● **EXERCISE REQUIREMENTS**
What you produce should be an exact transcription of the data, minus any pictures.

● **DATASET CONTENT**
********************
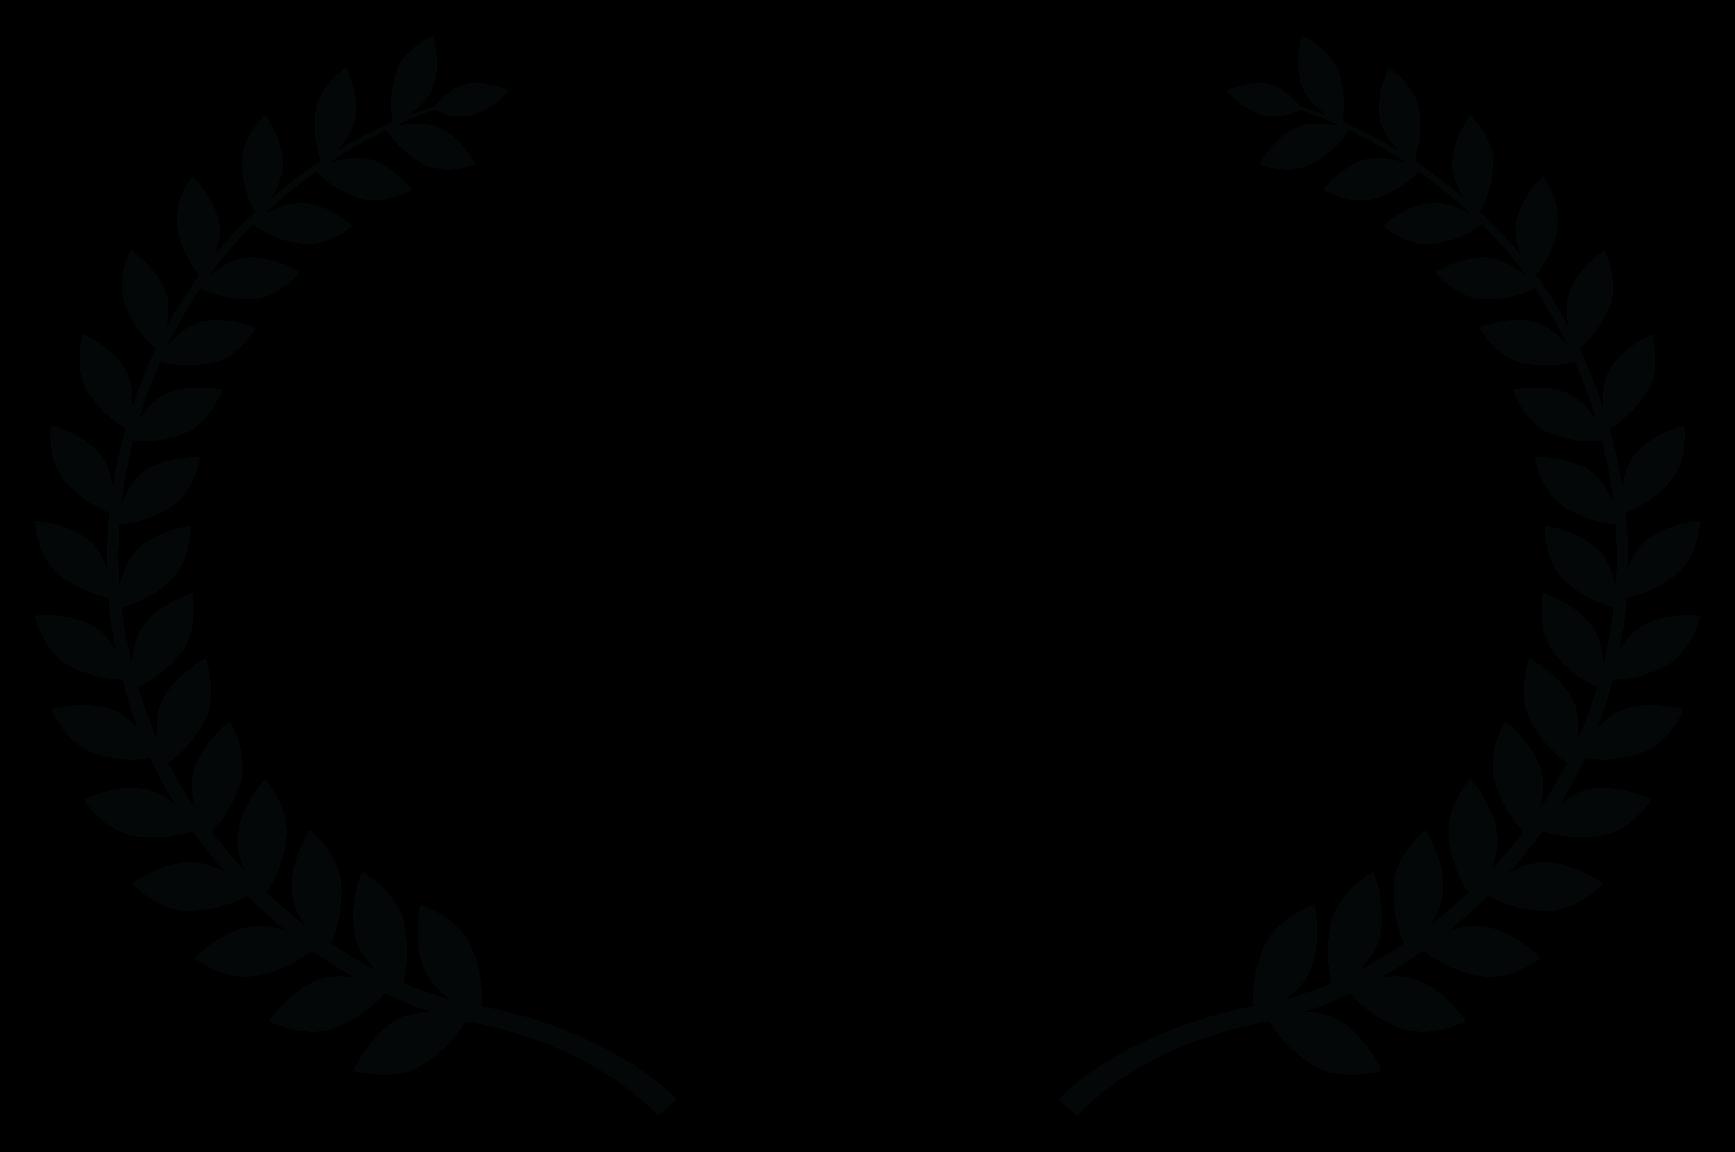 OFFICIAL SELECTION - Emerging Lens Cultural Film Festival - White Bk.png
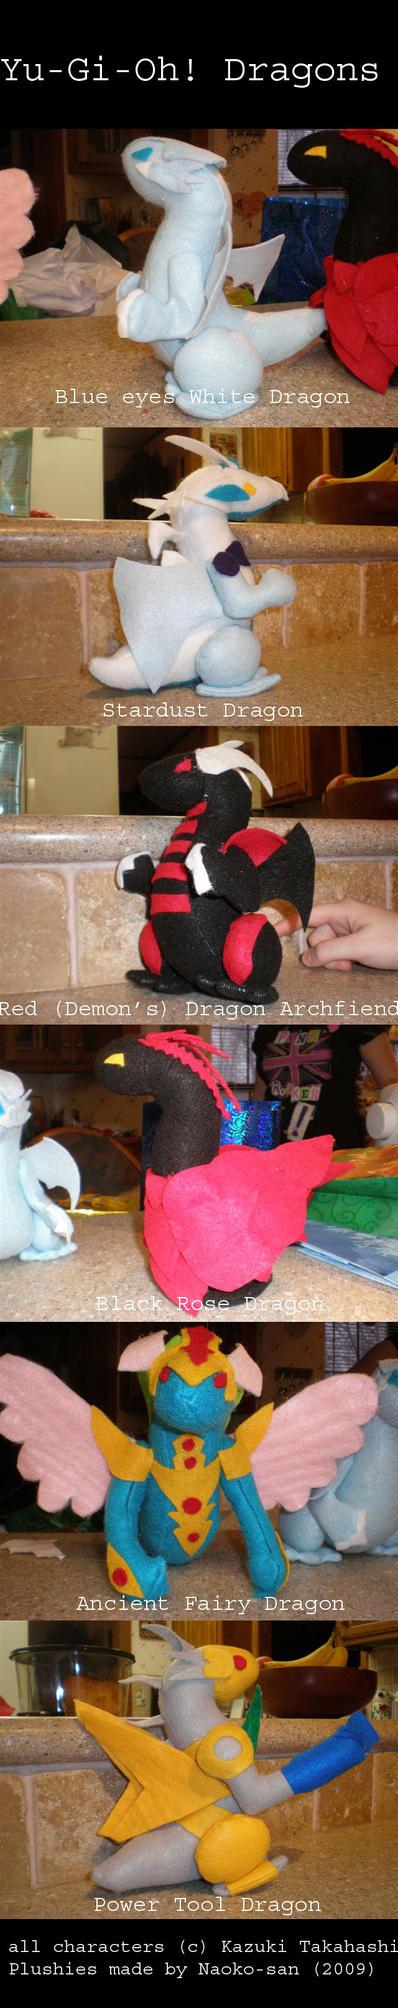 Yu-Gi-Oh Dragon Plushies by Darling-Poe
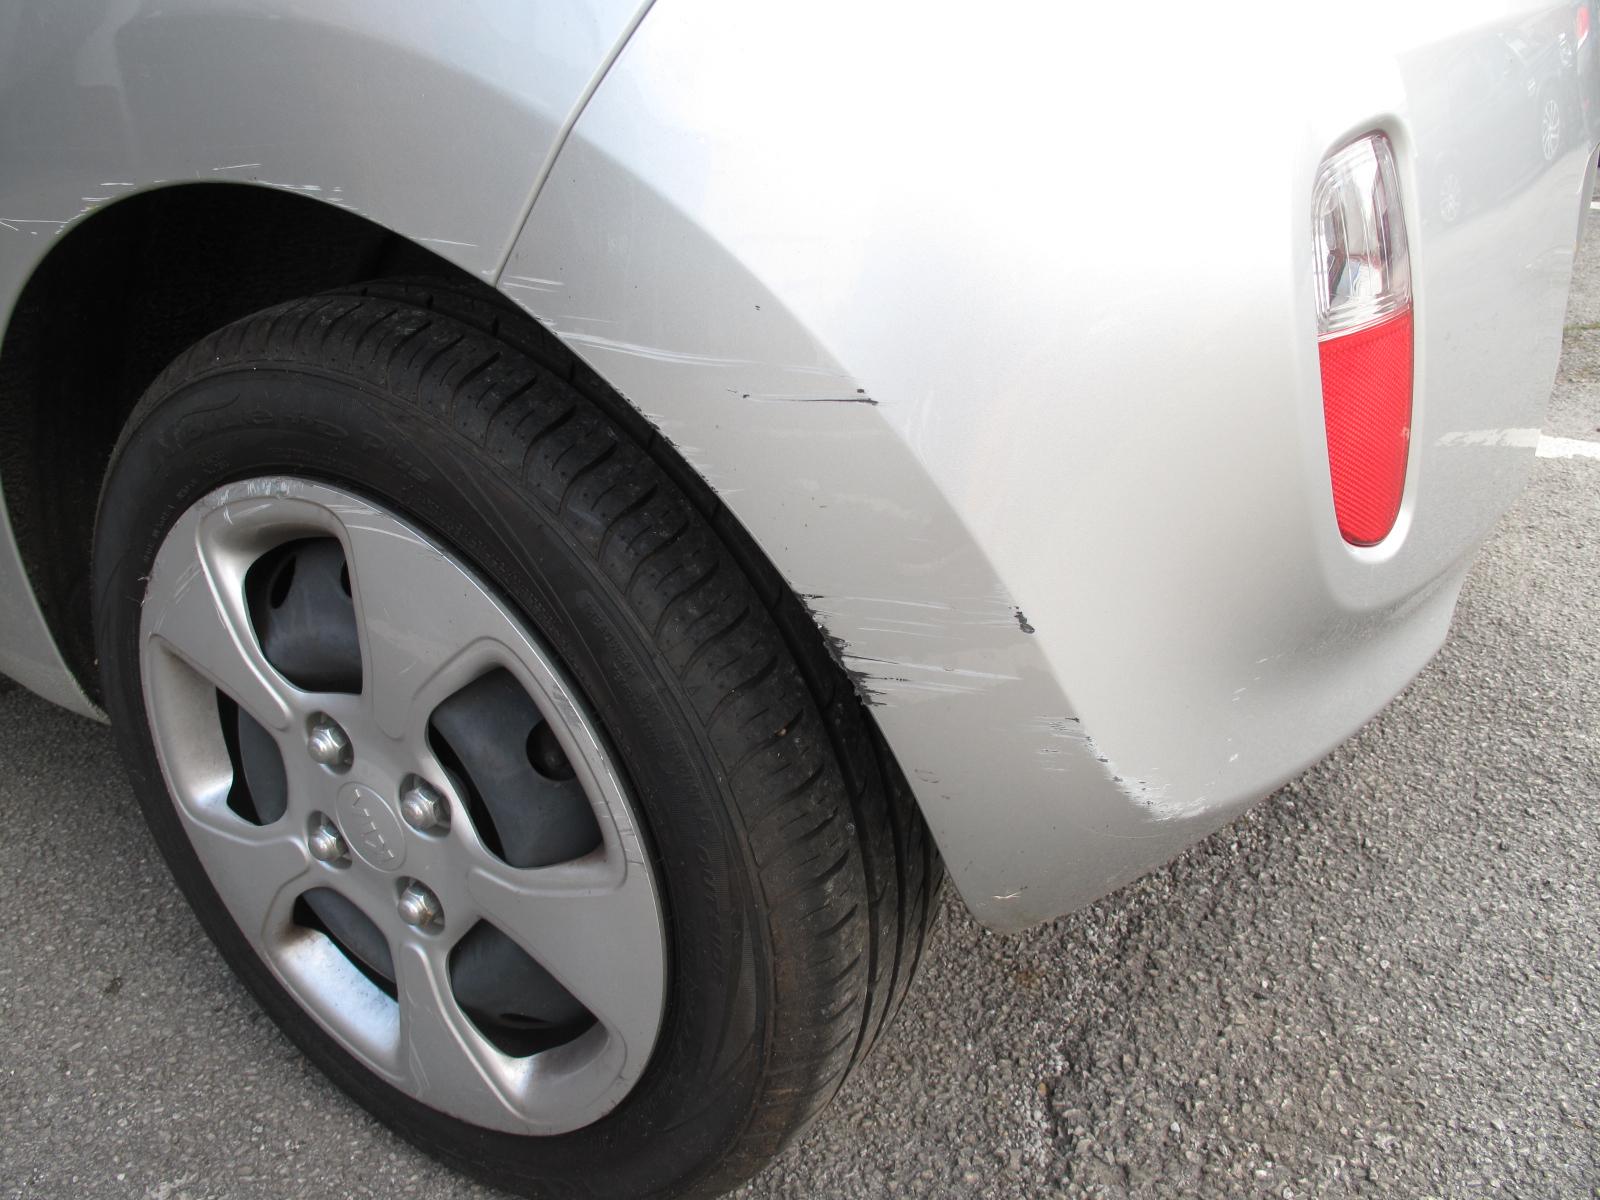 [YR12 YCN] 2012 Kia Picanto 1.0 petrol, 5-door hatchback in Silver, 13,787 Miles, 1 previous keeper, - Image 6 of 6
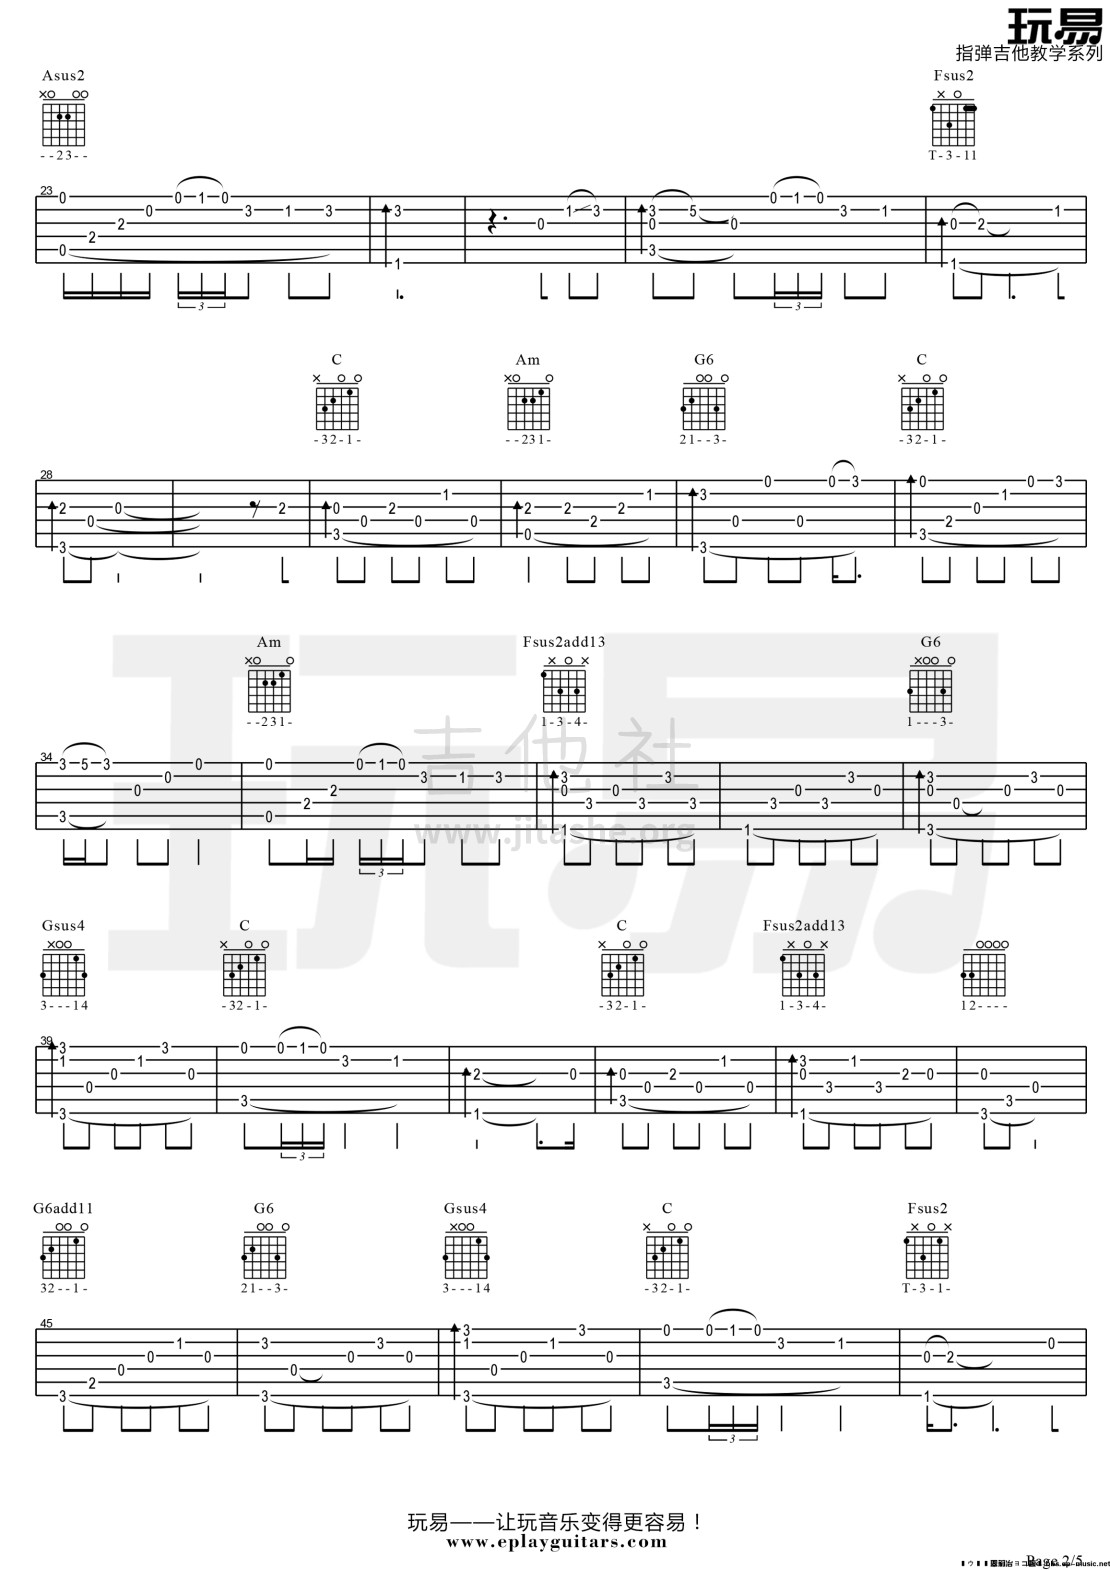 The Immigrant(玩易指弹吉他教学系列)吉他谱(图片谱,指弹,教学,玩易指弹教学)_Joanie Madden(乔妮·梅登)_The  lmmigrant 2.jpg
********************
● **ANSWER TO THE PROBLEM**
 OFFICIAL SELECTION - Emerging Lens Cultural Film Festival - White Bk.png
 Yu-Gi-Oh Dragon Plushies by Darling-Poe
 [YR12 YCN] 2012 Kia Picanto 1.0 petrol, 5-door hatchback in Silver, 13,787 Miles, 1 previous keeper, - Image 6 of 6
 The Immigrant(玩易指弹吉他教学系列)吉他谱(图片谱,指弹,教学,玩易指弹教学)_Joanie Madden(乔妮·梅登)_The  lmmigrant 2.jpg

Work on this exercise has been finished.